Just a quick disclaimer, I don't have that much knowledge of Star Wars, okay? So please don't hate on me saying I'm inaccurate or whatever because I just love the movies and have a basic knowledge.
The air was heavy with the heat of the looming summer. Even in the depths of night, sweat hung like wet clothes in the cramped room. I tossed fitfully from side to side, my clammy limbs brushed against the equally clammy limbs of my sister. Sweat coated both our bodies from head to toe. My mother and father too laid restless by our sides. The room was not fit for four, yet we managed to squeeze our heated bodies to fit on the floor.
I tried to breathe deeply, but the air was stale, suffocating. The manacles that bound my wrists and ankles chaffed painfully with the added lubrication of my perspiration. I stared at the ceiling in frustration. It was only mere hours before our owners roused us for a day of labour. I could already feel the heat of the two suns burn my back as I worked in the fields. I could already feel the crack of my lips and the roughness in my mouth from dehydration. I could already picture the slaves collapsing in the heat. I could already picture the ones who would be carted off, limp and lifeless, their corpses sold for meat.
I closed my eyes and willed with all my heart for the world to change. I willed with my every fibre that I could be free of this place. I willed it so strongly my eyes began to burn and my nails dug deep into my palms.
There was a crash from beyond our confinement. I sat up immediately. I turned my head from side to side, strained my ears to hear what the sound was. In my heart, hope dared to blossom. Had my prayers been answered?
There was another crashing noise, and a wail, and a scream of desperation and mourning filled the air. The hope in my heart cracked like fine porcelain.
"Lilicry," I shook my elder sister awake.
She pushed my frantic hands away with a grown, her eyelids screwed closed as another bang resounded outside our walls. I shook her harder, but she merely turned on her side, covering her ears.
"Lilicry! There's someone out there," I hissed, but she waved me away.
I heard another crash, closer, and stood. My palms clammed, but not from the heat now. A fear had settled in my stomach like a metal ball. I inched slowly towards our door. The only means of entrance and exit. It was locked tight at night to prevent escape, but would it prevent entrance from an enemy. I hovered by the door, unsure of what I had stood for. Was it to fight? Was it to run? All I knew was that I was standing, facing the door, waiting. The screams from fellow slaves echoed through our walls, and finally my father sat up, blinking away the sleep from his eyes.
"Bria, what are you doing?" he asked, his voice thick with sleep.
I lifted a hand to silence him. I could hear footsteps now, heavy and formidable. They stopped at our door, and through the thin wood I heard muttering men. The handle moved slowly, it jostled and fretted, but didn't budge. My father was whispering frantically at me, but I couldn't make out his words. Everything felt slow, heavy, as if I were wading through a bog. I couldn't force myself to move, because I knew whatever came next, it was something I willed into the world, and I alone had to take the brunt of it.
The door barely stood a chance against their blasters.
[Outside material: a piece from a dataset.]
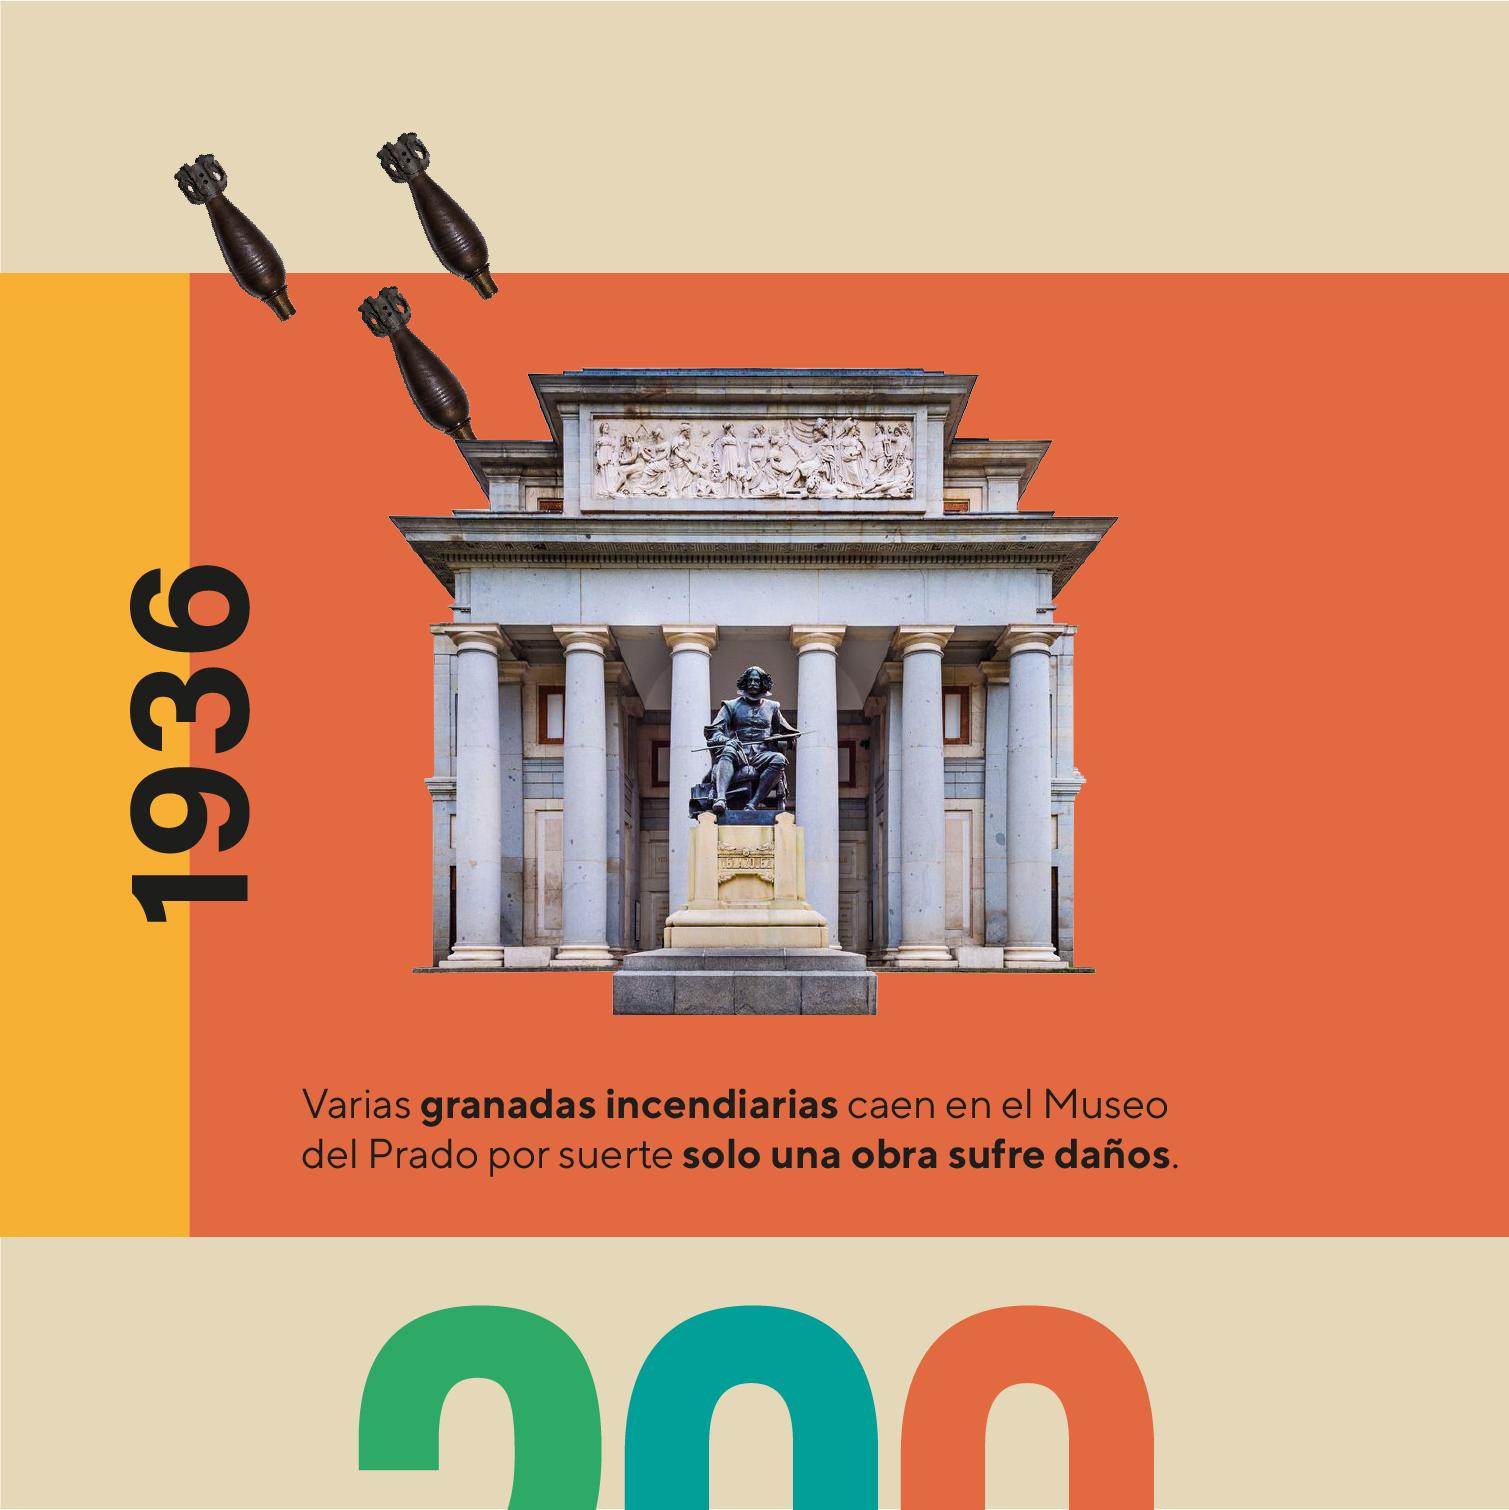 200 años MP - Instagram (3)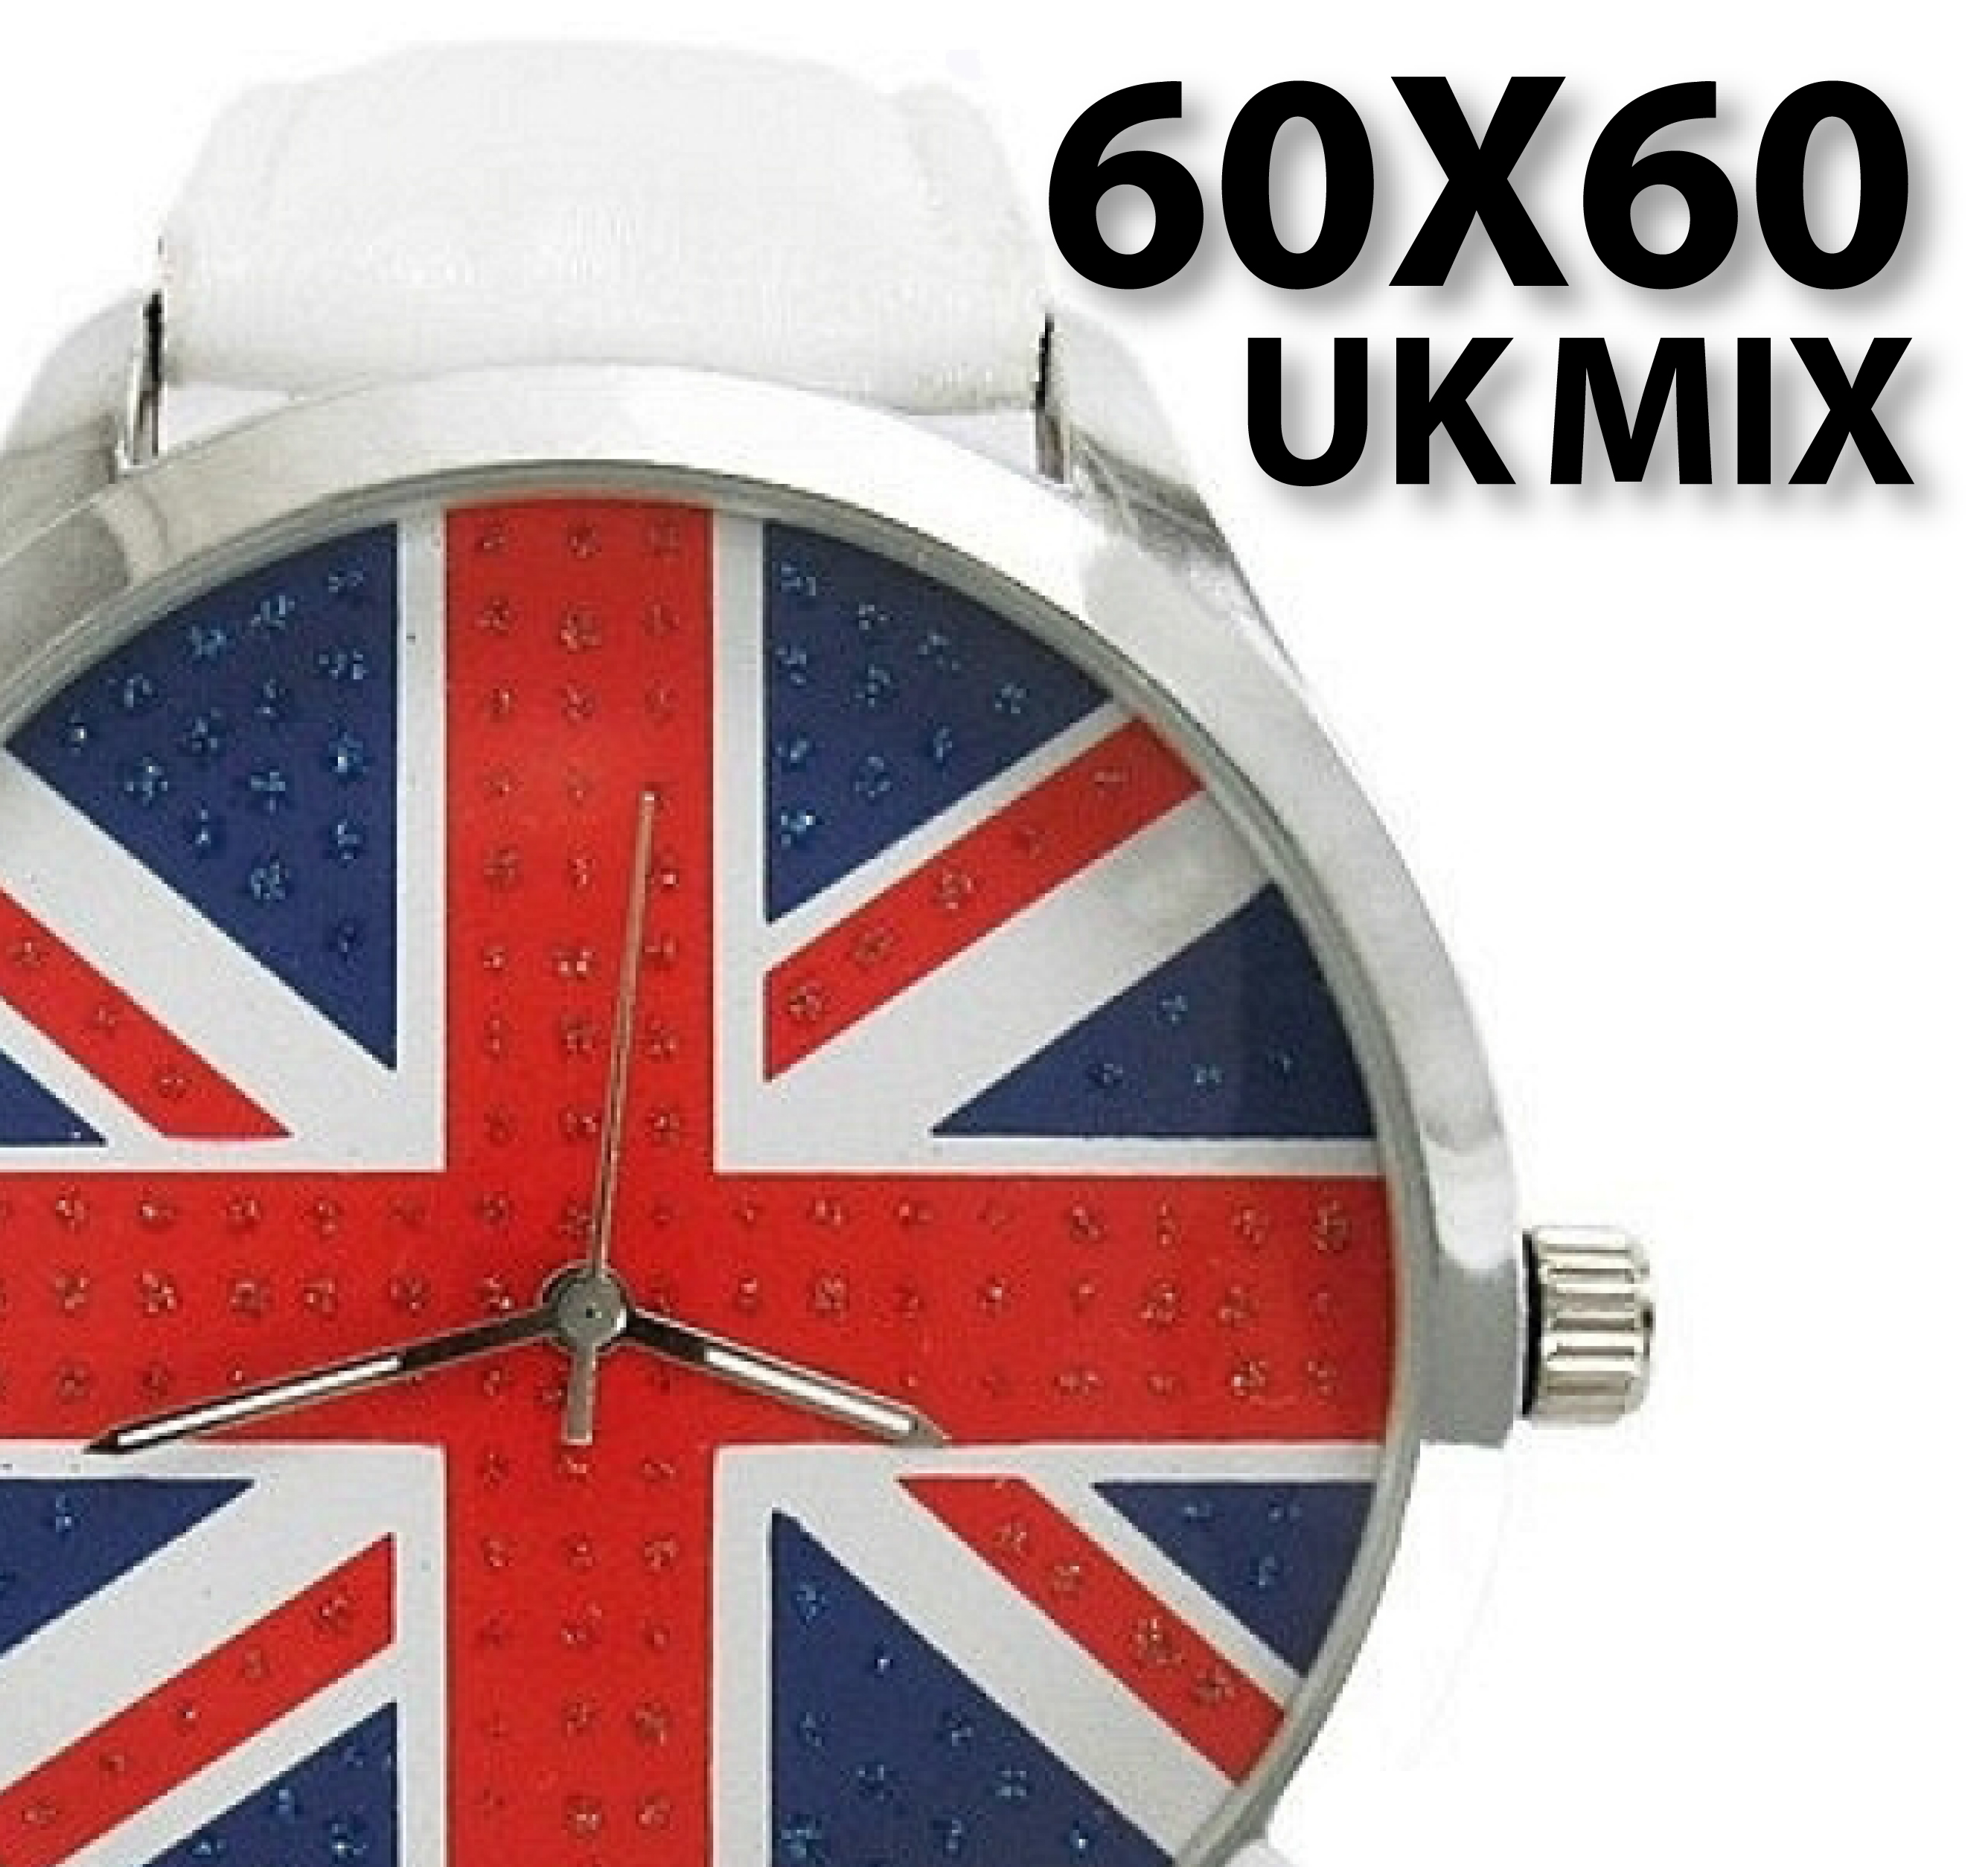 60x60 UK MIx

It shattered like glass, debris flew through the air like salt and powdered our skin. My eyes burnt against the light that leaked from outside, and I struggled to make out the figures that marched towards me. One of them grabbed my forcefully by the waist, and trapped me against their chest. As my eyes adjusted, I saw the signature white armour of the Stormtroopers. I didn't struggle. I knew there was no use. My mother was wailing, I could see tears streaming down her weathered face. My father held her back, he too knew not to anger the First Order. My sister, however, had always been an emotional fool.
She leapt from her place on the floor, her wild auburn hair, much like my own, as electric as a stormy night sky. She lunged for me, a desperate action born from love. Her fingers grazed mine, but that was all she achieved before they shot her dead. The sight of her head hit the ground, her eyes frozen open in death, made me snap out of the dullness in my head. I screamed and thrashed violently against the trooper, my head contacting with his helmet. His grip tightened as he began to drag me from the room. My mother sobbed over my sisters body. My father watched on wordlessly.
"Lilicry!" I screamed, my heart broken into a million shards.
The stormtrooper who held me pressed something to my neck, and I felt a small sting, before there was darkness.